DragonFly On-Line Manual Pages
MUTEX(9) DragonFly Kernel Developer's Manual MUTEX(9)
NAME
mutex, mtx_init, mtx_uninit, mtx_lock_sh, mtx_lock_sh_quick, mtx_lock_ex,
mtx_lock_ex_quick, mtx_lock, mtx_spinlock, mtx_lock_ex_try,
mtx_lock_sh_try, mtx_spinlock_try, mtx_downgrade, mtx_upgrade_try,
mtx_unlock, mtx_unlock_ex, mtx_unlock_sh, mtx_spinunlock, mtx_islocked,
mtx_islocked_ex, mtx_notlocked, mtx_notlocked_ex, mtx_owned,
mtx_notowned, mtx_lockrefs - general blocking/spinnable mutex functions
SYNOPSIS
#include <sys/globaldata.h>
#include <sys/mutex2.h>
void
mtx_init(mtx_t *mtx, const char *ident);
void
mtx_uninit(mtx_t *mtx);
int
mtx_lock_sh(mtx_t *mtx, int flags, int to);
int
mtx_lock_sh_quick(mtx_t *mtx);
int
mtx_lock_ex(mtx_t *mtx, int flags, int to);
int
mtx_lock_ex_quick(mtx_t *mtx);
void
mtx_lock(mtx_t *mtx);
void
mtx_spinlock(mtx_t *mtx);
int
mtx_lock_ex_try(mtx_t *mtx);
int
mtx_lock_sh_try(mtx_t *mtx);
int
mtx_spinlock_try(mtx_t *mtx);
void
mtx_downgrade(mtx_t *mtx);
int
mtx_upgrade_try(mtx_t *mtx);
void
mtx_unlock(mtx_t *mtx);
void
mtx_unlock_ex(mtx_t *mtx);
void
mtx_unlock_sh(mtx_t *mtx);
void
mtx_spinunlock(mtx_t *mtx);
int
mtx_islocked(mtx_t *mtx);
int
mtx_islocked_ex(mtx_t *mtx);
int
mtx_notlocked(mtx_t *mtx);
int
mtx_notlocked_ex(mtx_t *mtx);
int
mtx_owned(mtx_t *mtx);
int
mtx_notowned(mtx_t *mtx);
int
mtx_lockrefs(mtx_t *mtx);
DESCRIPTION
Mutexes are used to implement mutual exclusion between threads.

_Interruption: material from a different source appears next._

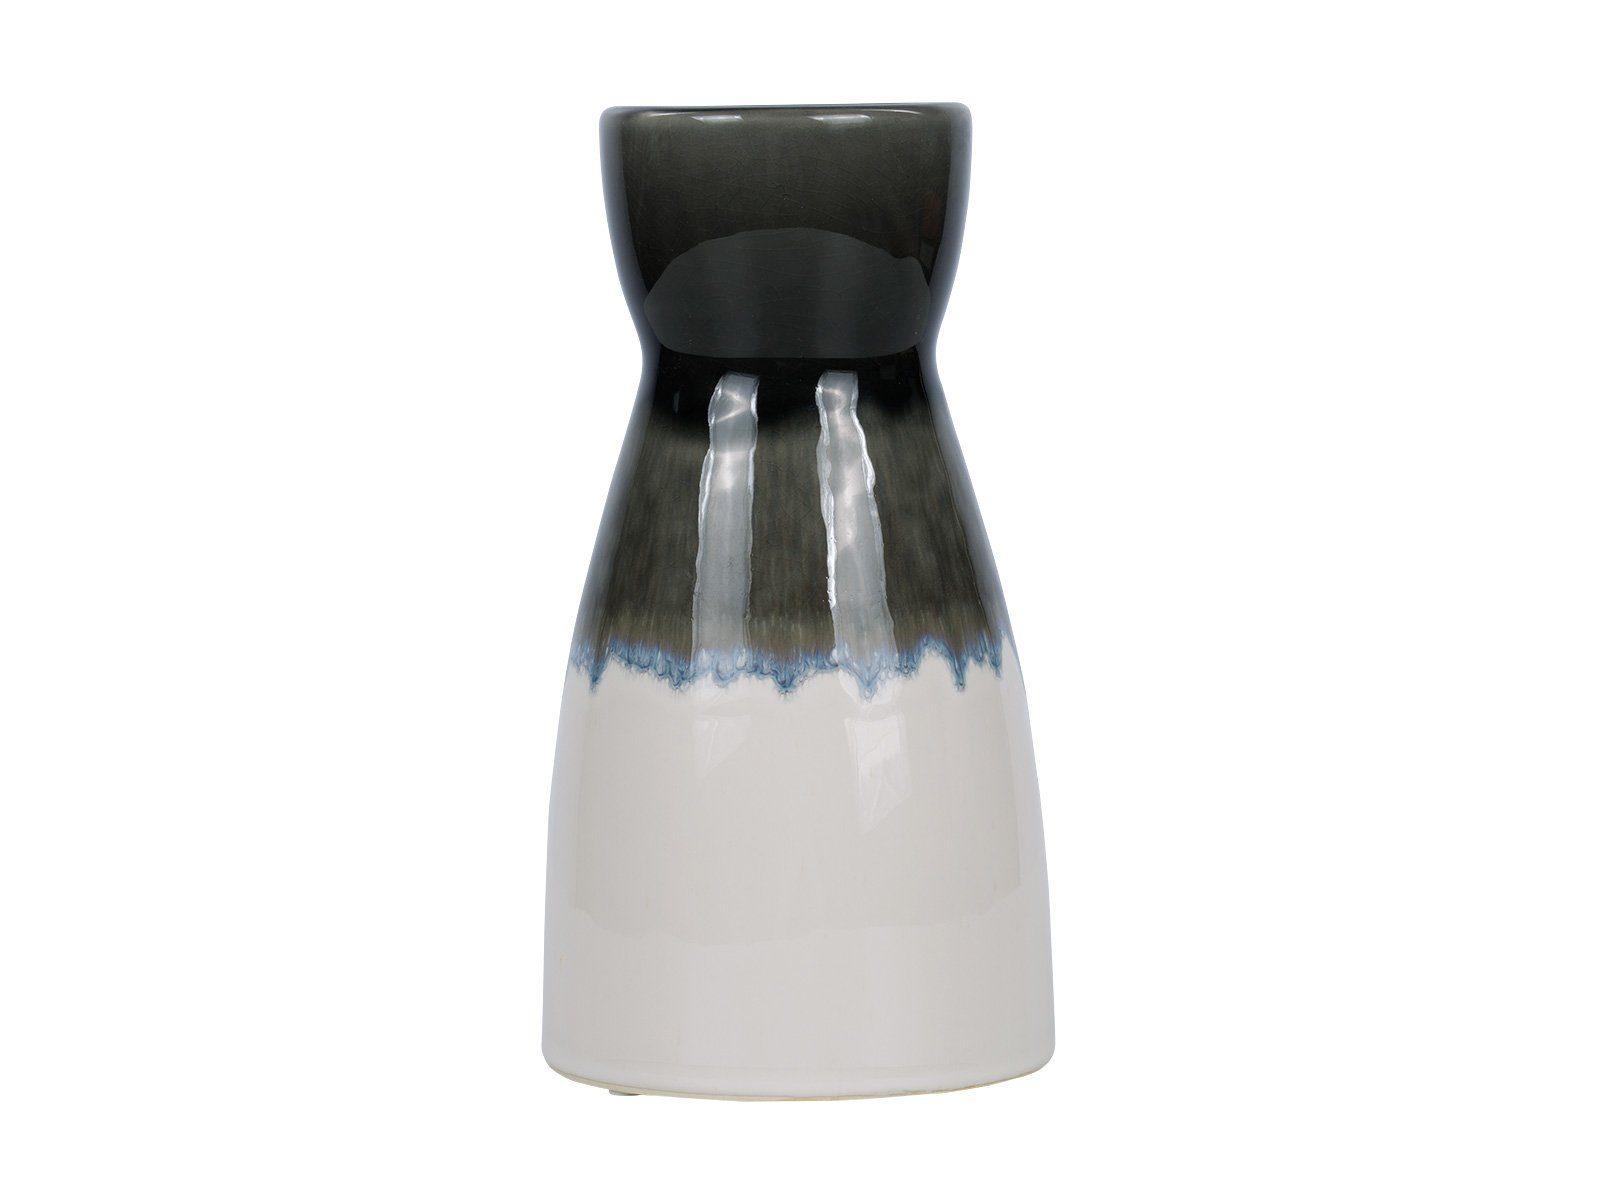 massivum Vasen aus Keramik

Mutexes
can be locked in shared or exclusive mode; they can also block or spin
the current thread when there is contention.
Mutexes also have an associated reference count, independent of the lock.
System-wide mutex contention statistics can be found in the
kern.mtx_contention_count, kern.mtx_collision_count, and
kern.mtx_wakeup_count variables. kern.mtx_contention_count is
incremented each time an attempt to acquire a mutex fails due to
contention. kern.mtx_wakeup_count is incremented each time an exclusive
lock is converted to either a shared or unlocked state an waiters for the
shared state are woken.
The mutex functions are similar to the lockmgr(9) functions.
FUNCTIONS
The mtx_init() function initializes a mutex to the unlocked state. It is
an error to use a mutex without initializing it. The ident parameter is
as in tsleep(9), it is a string describing the reason for a thread to be
blocked.
The mtx_uninit() function deinitializes a mutex.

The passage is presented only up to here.